E como Quique tem sido sempre elegante nas suas atitudes e declarações (não é habitual, por exemplo, ver o treinador de um dos grandes a elogiar o trabalho de um rival quando a maioria dos próprios adeptos fazia o contrário), estava apostado em escolher outros temas. O homem merecia um descanso...

Mas, tal como sucede com quase todos nós em relação ao desejo de ganhar o Euromilhões, fiquei pelas intenções. E eis que aqui estou, pela enésima vez, disposto a escrever sobre Quique Flores. Mas, ao invés do que se poderia pensar, não foi a derrota com o Vitória de Guimarães que levou a este volte-face. A análise do espanhol, no final de encontro, é que me deixou de boca aberta.

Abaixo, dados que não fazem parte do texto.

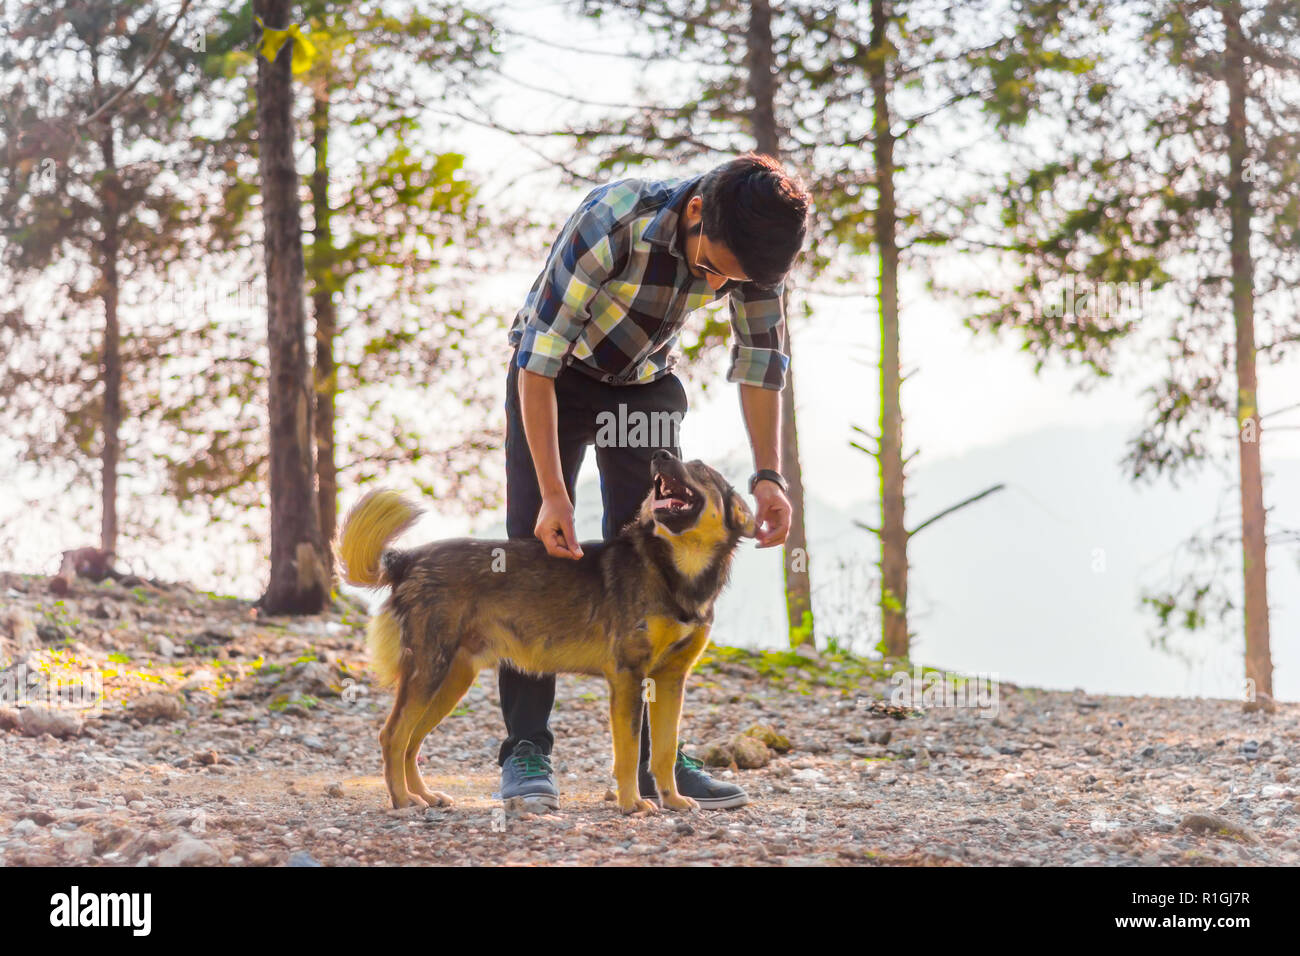 a black haired man bent over and playing with his dog on a rough, stony ground. In the background are conifer trees. Stock Photo

O senhor disse, não uma vez mas várias, que o Benfica fez uma boa primeira parte. Em seu entender a essa prestação de qualidade só terão faltado os golos. Eu, depois de ver os resumos em mais que um canal televisivo, acrescentaria que os golos até poderiam ter aparecido caso a equipa tivesse criado oportunidades. Só que eu não as vi. Nem eu, nem provavelmente ninguém.

A primeira derrota caseira na Liga não abalou só jogadores e adeptos. O técnico, decididamente, perdeu-se em quase tudo o que disse após os 90 minutos. Considerou, por exemplo, ser um milagre a equipa estar a apenas 2 pontos do FC Porto e que os assobios aquando da troca de Cardozo por Nuno Gomes não eram para ele.

Como é que um treinador fala na possibilidade da sua equipa ainda chegar ao título, ao mesmo tempo que considera ser milagre ter apenas 2 pontos de atraso? Como é que um treinador, num jogo em casa e com o resultado 0-0 na segunda parte, pretende forçar o ataque e em vez de apostar num sistema com dois verdadeiros avançados opta por fazer uma troca directa, retirando da partida o melhor marcador do conjunto?

Em suma: Quique tem as suas ideias e não parece disposto a mudá-las, recusando-se a ver o que está à vista de todos. Até agora, o mau futebol da equipa era atenuado com os resultados. O problema é que os "acidentes" - como lhes chamou no sábado - estão a surgir com maior regularidade. E na classificação, as águias já estão em terceiro. Fora do acesso à Liga dos Campeões.

PS - O facto do golo do Vitória poder ter sido obtido em posição irregular não é suficiente para ilibar Quique: o Benfica jogou mal (mais uma vez) e o técnico voltou a cometer uma série de erros. Mais que o árbitro...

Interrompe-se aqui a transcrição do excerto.